Fayka ARSEVEN KİŞİ
CTP Milletvekili Salahi Şahiner, “hükümetin KIB-TEK’te ihalesiz yaptığı yakıt alımları ile vurgun yapıldığını, birilerinin bu ihalelerden rüşvet aldığı iddialarının ortada dolaştığını, Sayıştay Başkanlığı’nın tüm bunlara suskun kaldığını” söyledi.
Şahiner, “Bu hükümet usulsüzlüklerin, vurgunun en kötüsü de vicdansızlıkların bir hükümetidir” diyerek, “Bu hükümette vicdan namına bir şey yoktur. Birileri vurgun yapsın, birilerinin cebine yüz milyonlar girsin diye Kıbrıs Türk halkının cebinden çalınıyor” şeklinde konuşt.
Bu hafta CTP Milletvekili Salahi Şahiner ile KIB-TEK’te yaşananları konuştuk.
YENiDÜZEN: KIB-TEK’te son durum nedir? ‘Vurgun var’ açıklamalarınız olmuştu. Bir mahkeme süreci de yaşandı. Son gelişmeler nelerdir?
Salahi ŞAHİNER: Vurgun Erhan Arıklı döneminden başladı. Bunun kılıfını da zamanında Erhan Arıklı nasıl yapmıştı? ‘İhalelerde bir vurgun var, ben bu vurgunu önleyeceğim. Taşımacılık bedelini düşüreceğim. Güvenli devlet kuruluşu TPIC’ten yakıtı getireceğim’ bahanesiyle sürekli olarak ihaleyi erteledi. Kendi yönetim kurulu başkanı aracılığıyla ‘gel ihaleye gir, merak etme paranı ödeyeceğiz, seni idare edeceğiz’ diye TPIC’i ihalenin içerisine çekmek için sayısız görüşmeler yaptı. Bu şirket geçtiğimiz dönem içerisinde katılmış olduğu ihaleye sahte evrak sundu. Bunun adı ihale sürecine fesatlık karıştırmaktır ancak buna rağmen bile ihaleyi kazanamadı.

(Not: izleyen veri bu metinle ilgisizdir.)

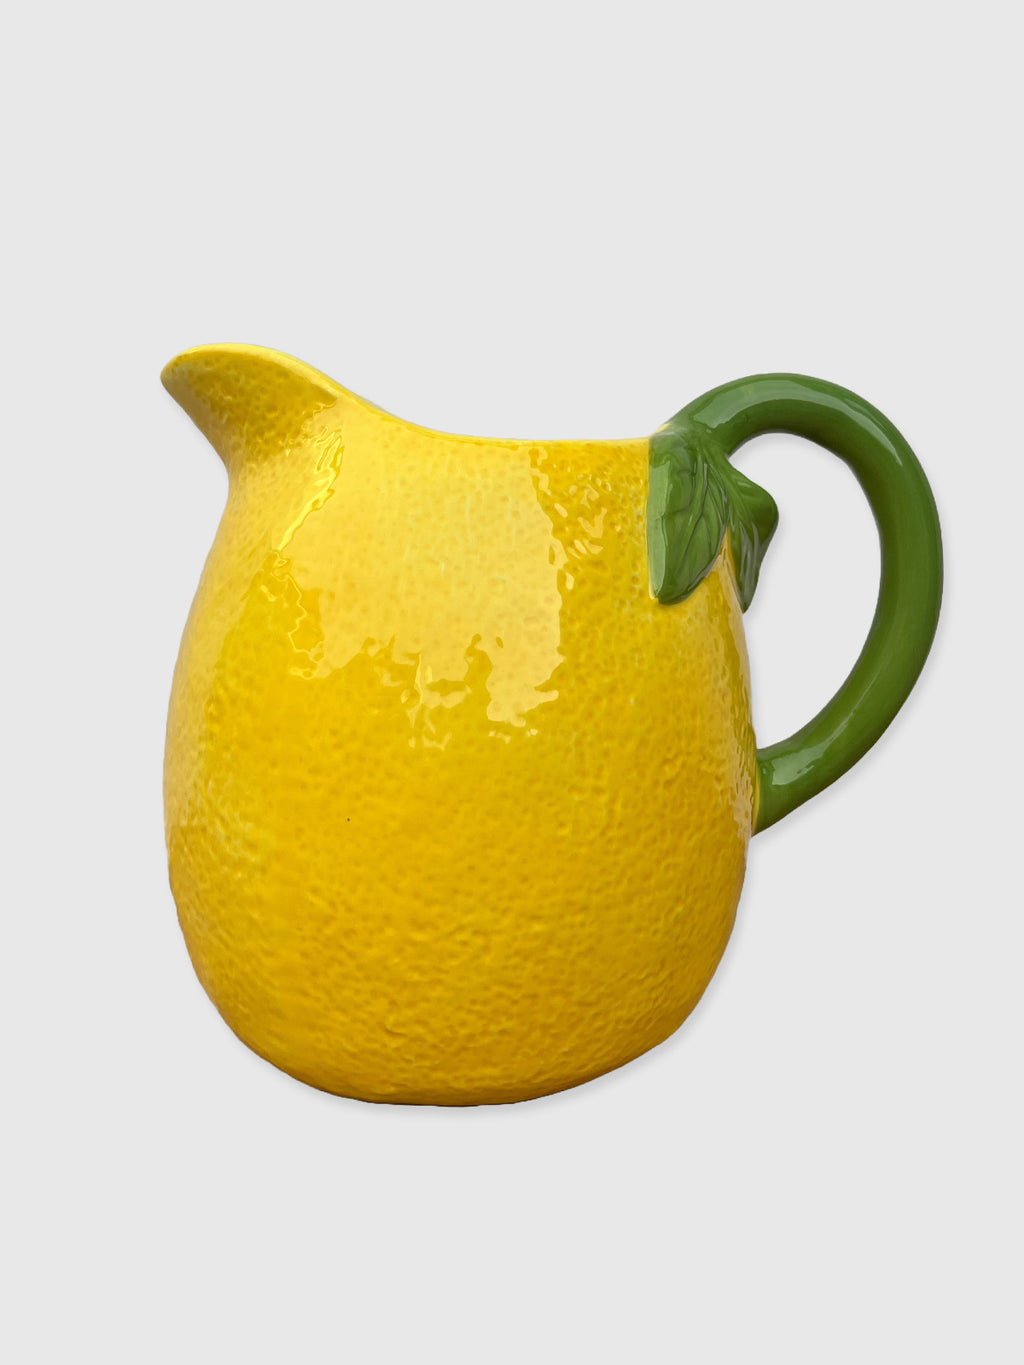 Lemon Shaped Ceramic Pitcher Jug  - 21cm

Bu ülkeye 6 yıl boyunca akaryakıt ihalelerle geldi, hiçbir sıkıntı yaşanmadı. Hiç duyduk mu yakıt eksildi, kötü kaliteli geldi diye? Sadece bir kez %1 çıkması gereken Kükürt oranı, %1.06 çıktığı için ceza kesildi ve bu süreç de yüklenici firma tarafından mahkemeye taşındı.

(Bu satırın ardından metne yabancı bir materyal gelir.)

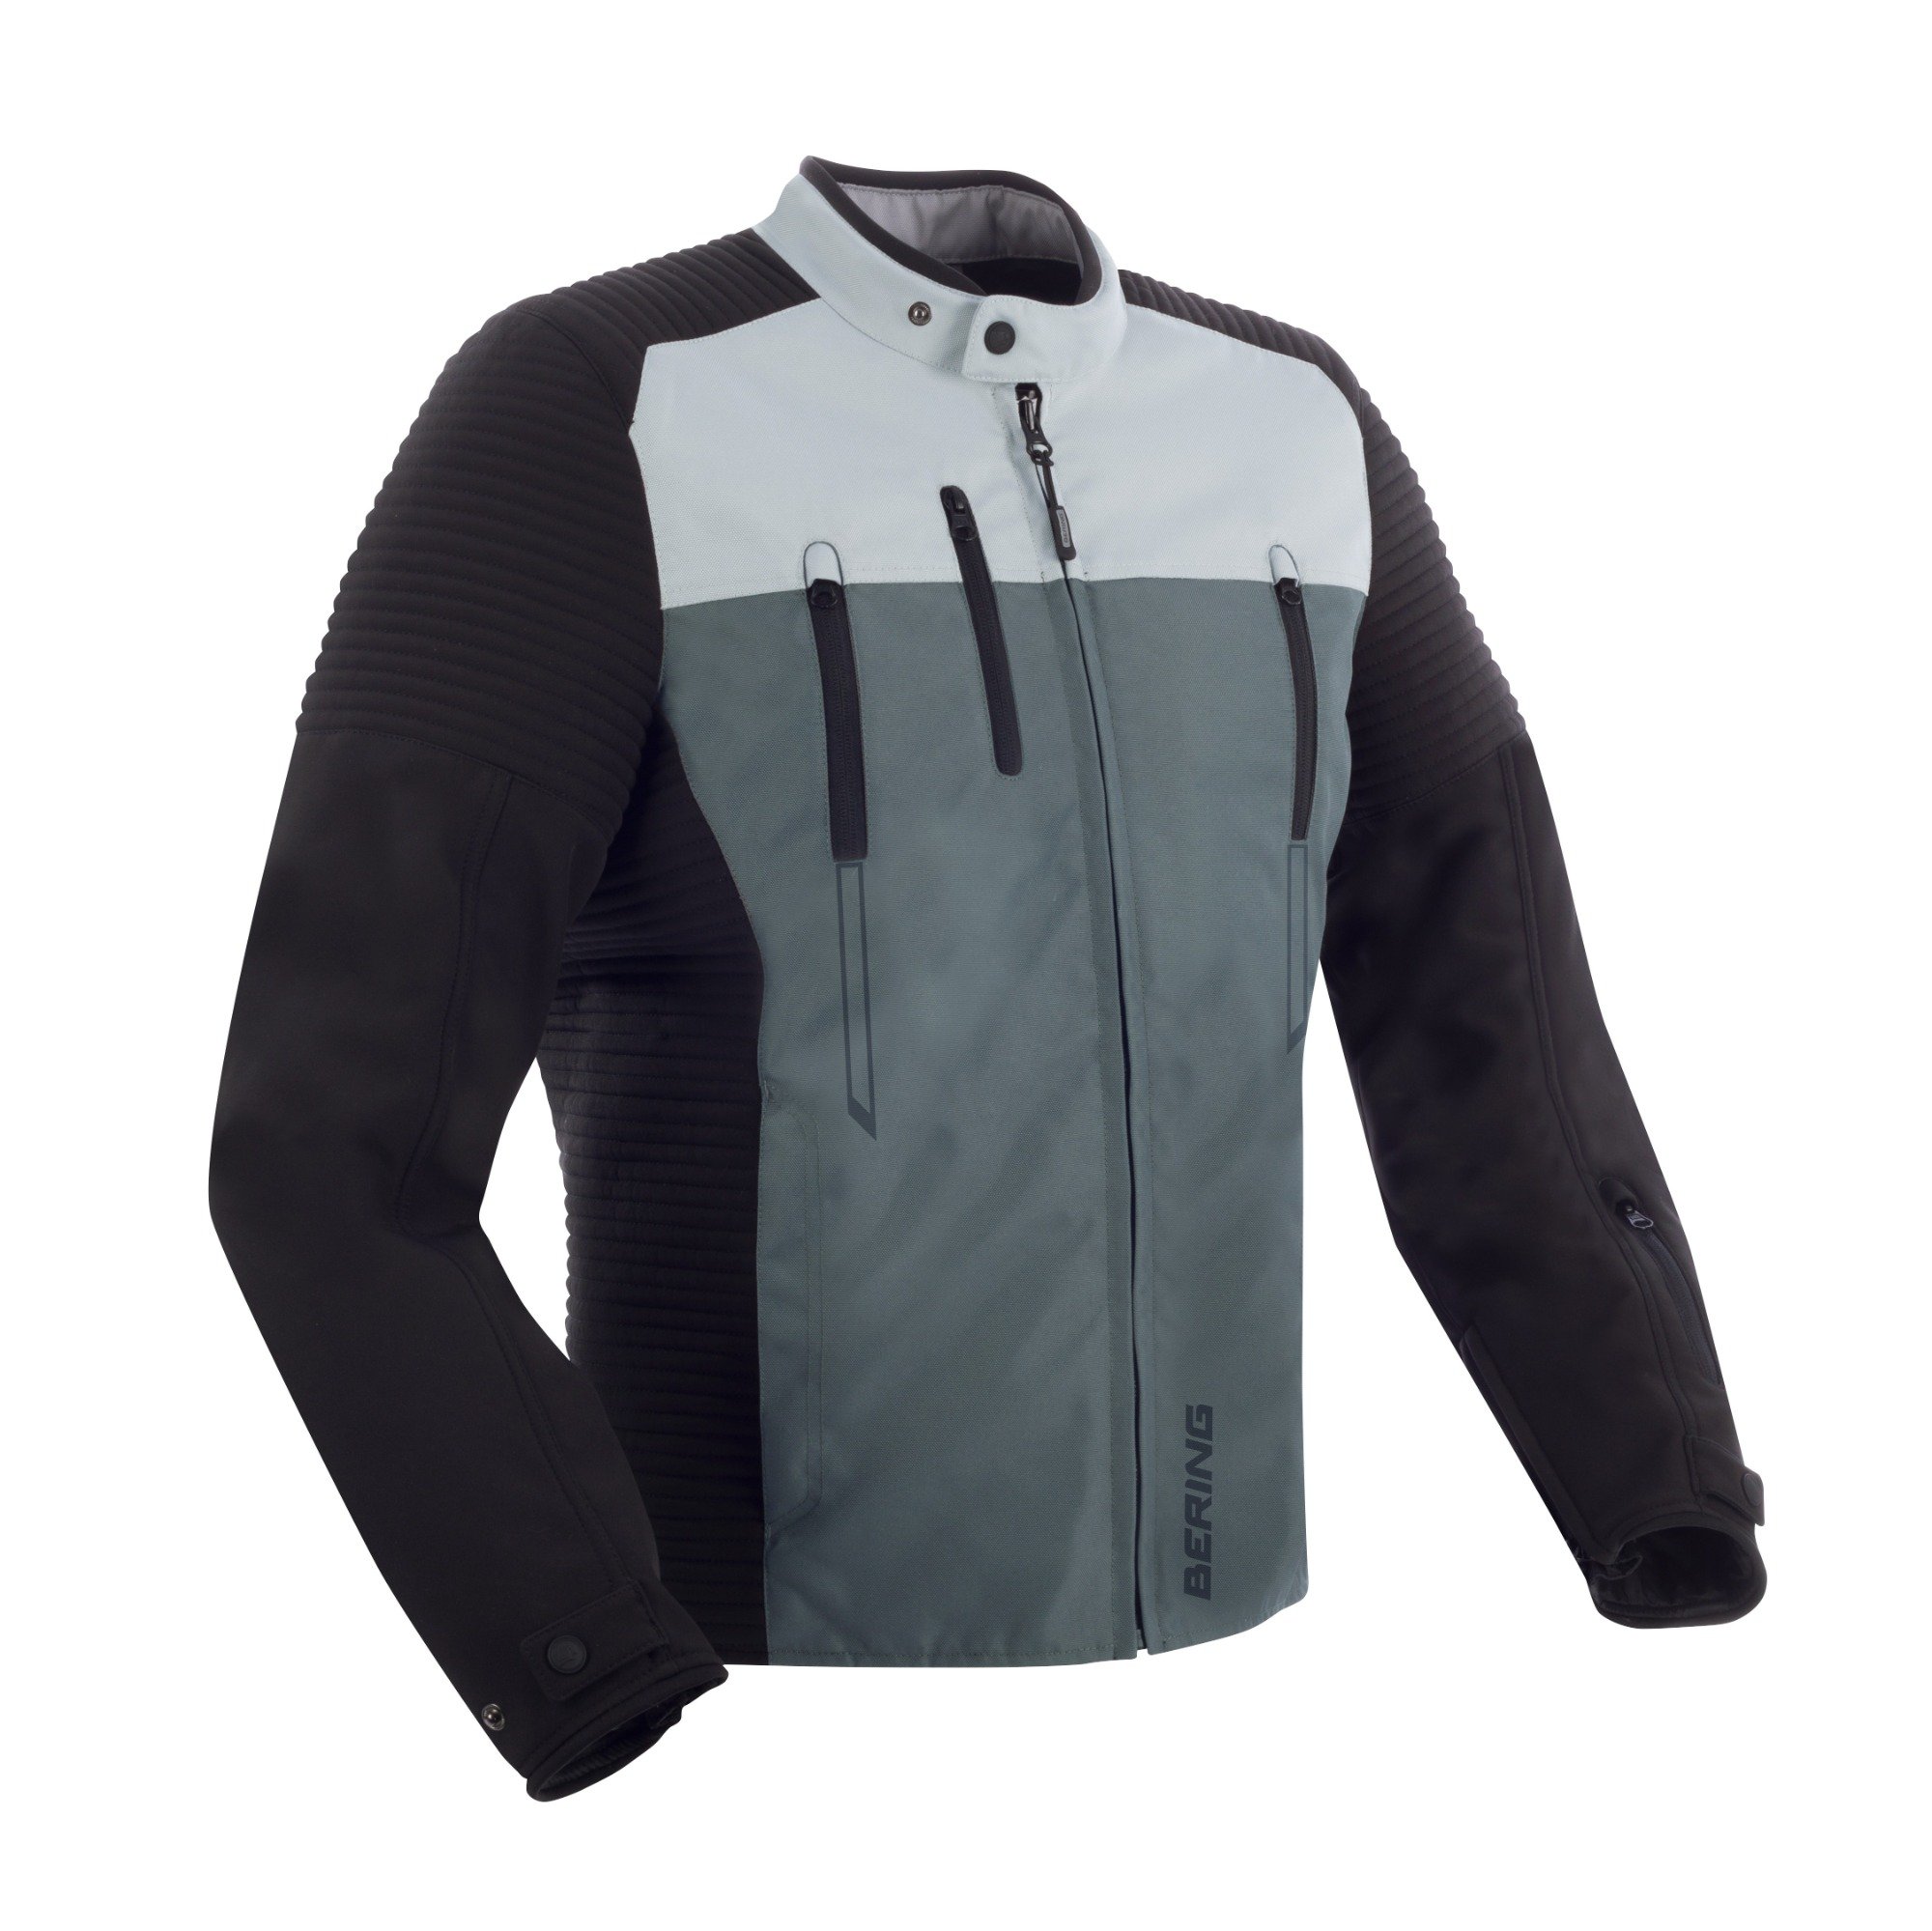 Image of Bering Crosser Jacket Gray Black Size XL ID 3660815169001

Ama onun dışında ihaleler ile yaptığınız zaman düzgün bir şekilde akaryakıt geliyor. İhalesiz olduğu zaman ortaya çıkanları görüyoruz.
Maliye Bakanı Sunat Atun iken ilk işi ne oldu? Akaryakıt ihalesini iptal etti ve TPIC denilen şirketten alınması için yasa gücünde kararname çıkardı.

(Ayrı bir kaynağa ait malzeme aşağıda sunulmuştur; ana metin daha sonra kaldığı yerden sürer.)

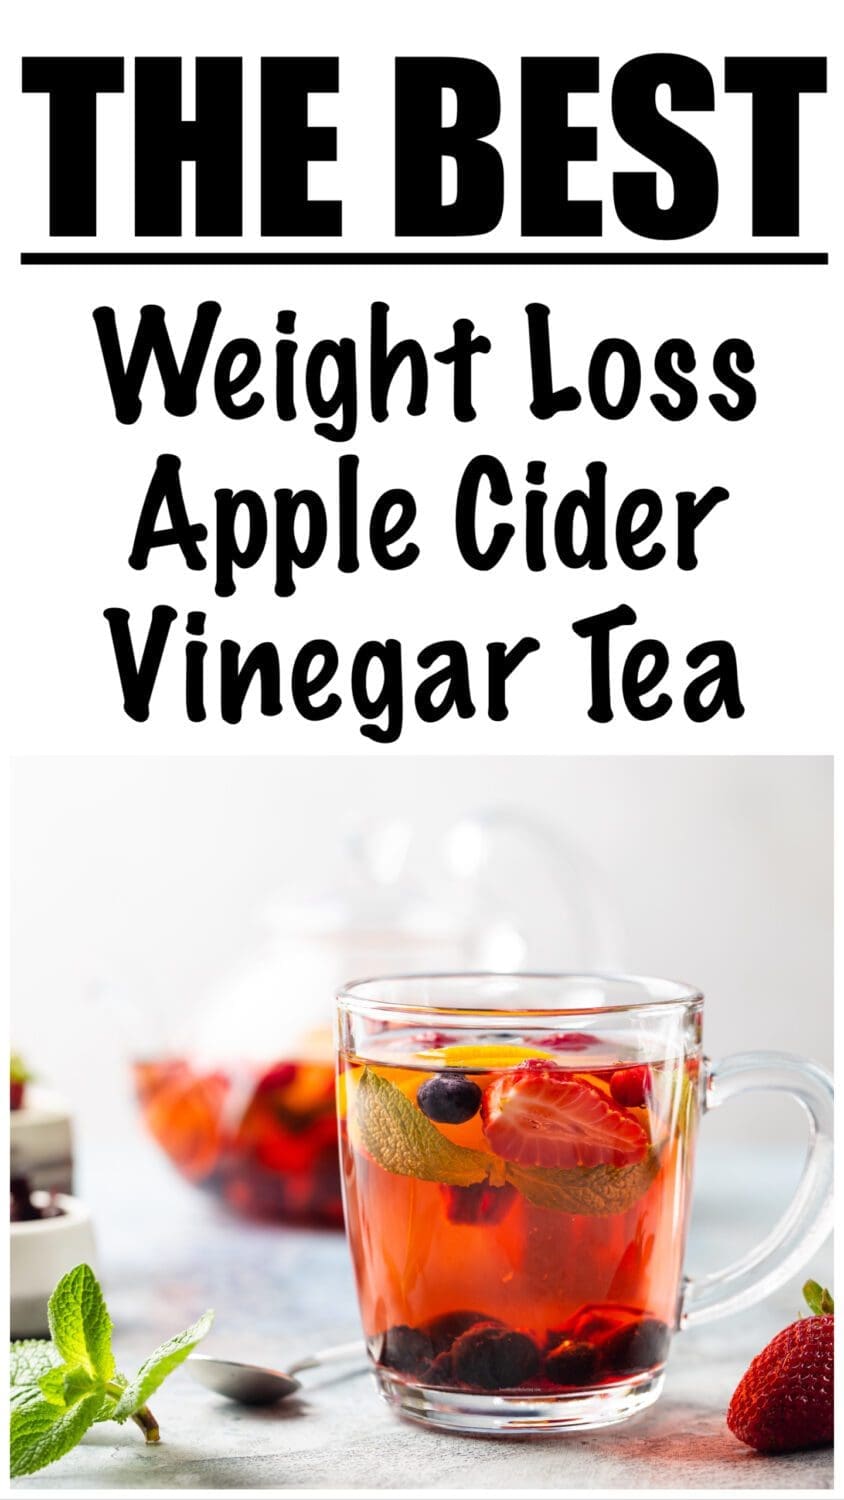 Cranberry and Apple Cider Vinegar Tea
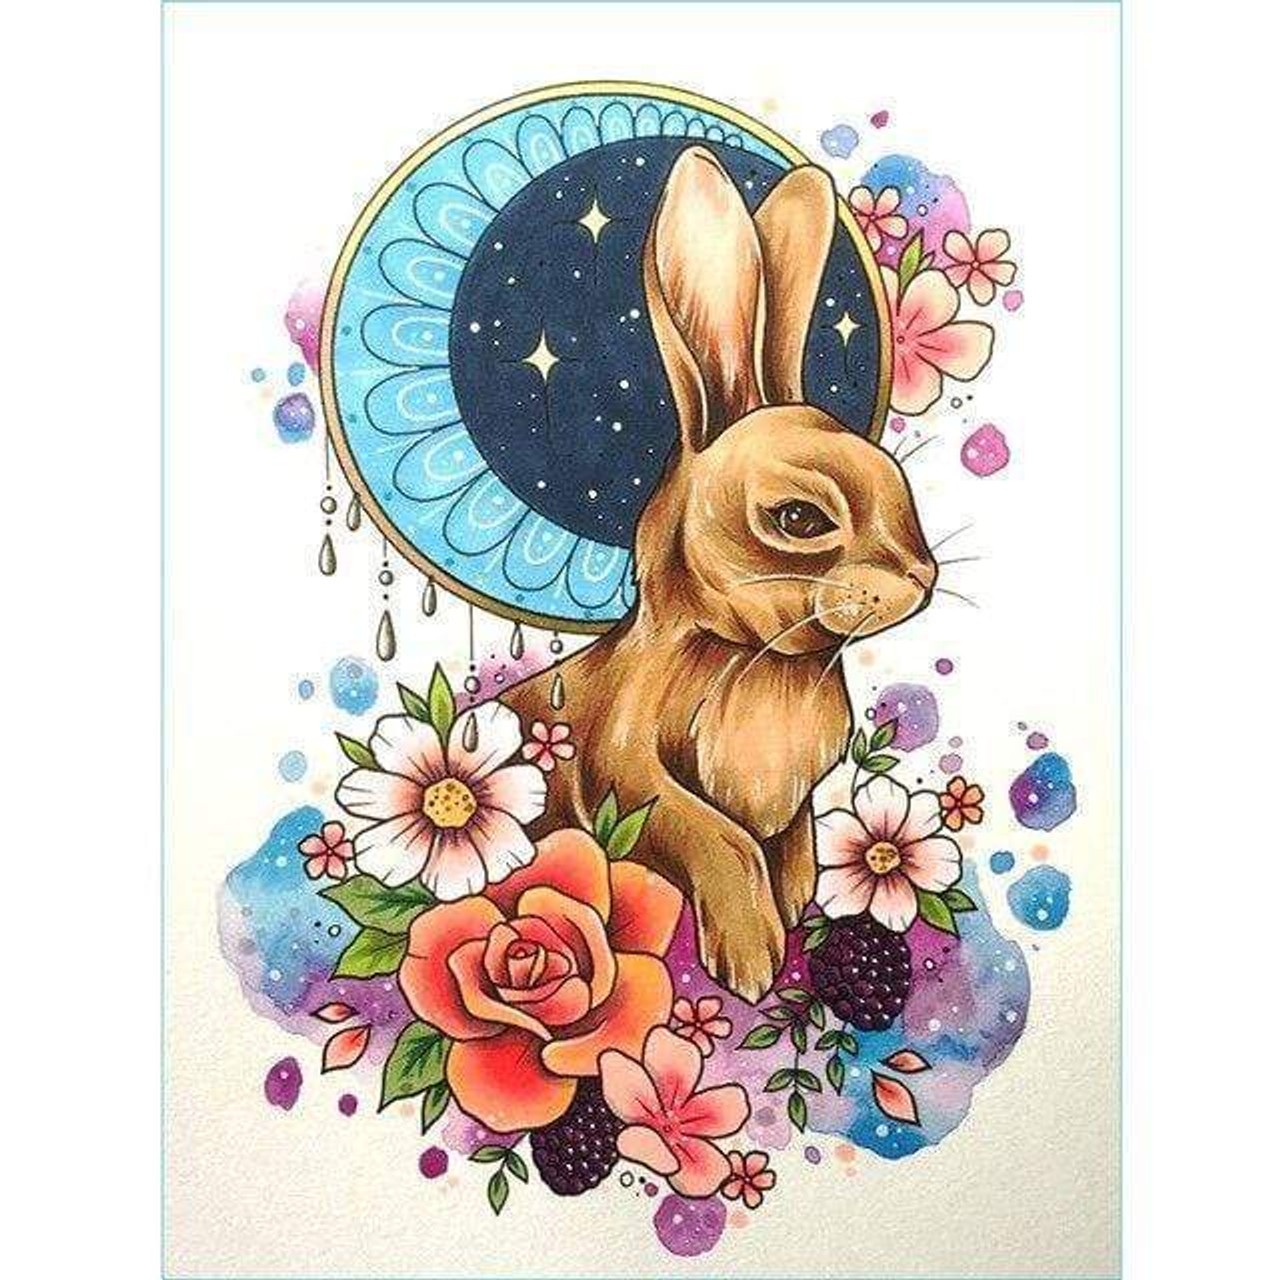 Diamond Painting White Rabbit with Pink Eyes Diy Diamond Painting  Embroidery Home Decor

CTP olarak Meclis’te dedik ki; ‘Bu iş böyle olmaz. Global bir akaryakıt krizinin içerisinden geçeceğiz. Bu işi şeffaf ihalelerle yapın. Kim kazanırsa kazansın. Ama ihale ile yükleyici firmayı bağlıyorsunuz, teminat mektubu alıyorsunuz, rafine opsiyon belgesi istiyorsunuz. Bir ihale şartnamesinin altına imza attırıyorsunuz ve hiçbir şekilde akaryakıt temininin aksama imkanı olmuyor. Bu işi ihalelerle yaparsanız ne yakıt sıkıntısı yaşarsınız ne de yakıtın kalitesinden şüphe edersiniz.’
TPIC sonuçta yakıt bulamadı. Sunat Atun yurt dışında hac görevini yerine getiriyorken, ülke yazın en sıcak günlerinde yakıt yok diye karanlığa gömüldü. En sonunda gittiler elden teklif aldılar. Bakanlar, bakanların atamış olduğu danışmanlar ve yönetim kurulu üyeleri gidiyor elden, belli başlı firmalardan teklif alıyor ‘bana bu yakıtı taşı’ diye. İşte bedelini halkın ödeyeceği vurgunun zemini böyle hazırlanıyor.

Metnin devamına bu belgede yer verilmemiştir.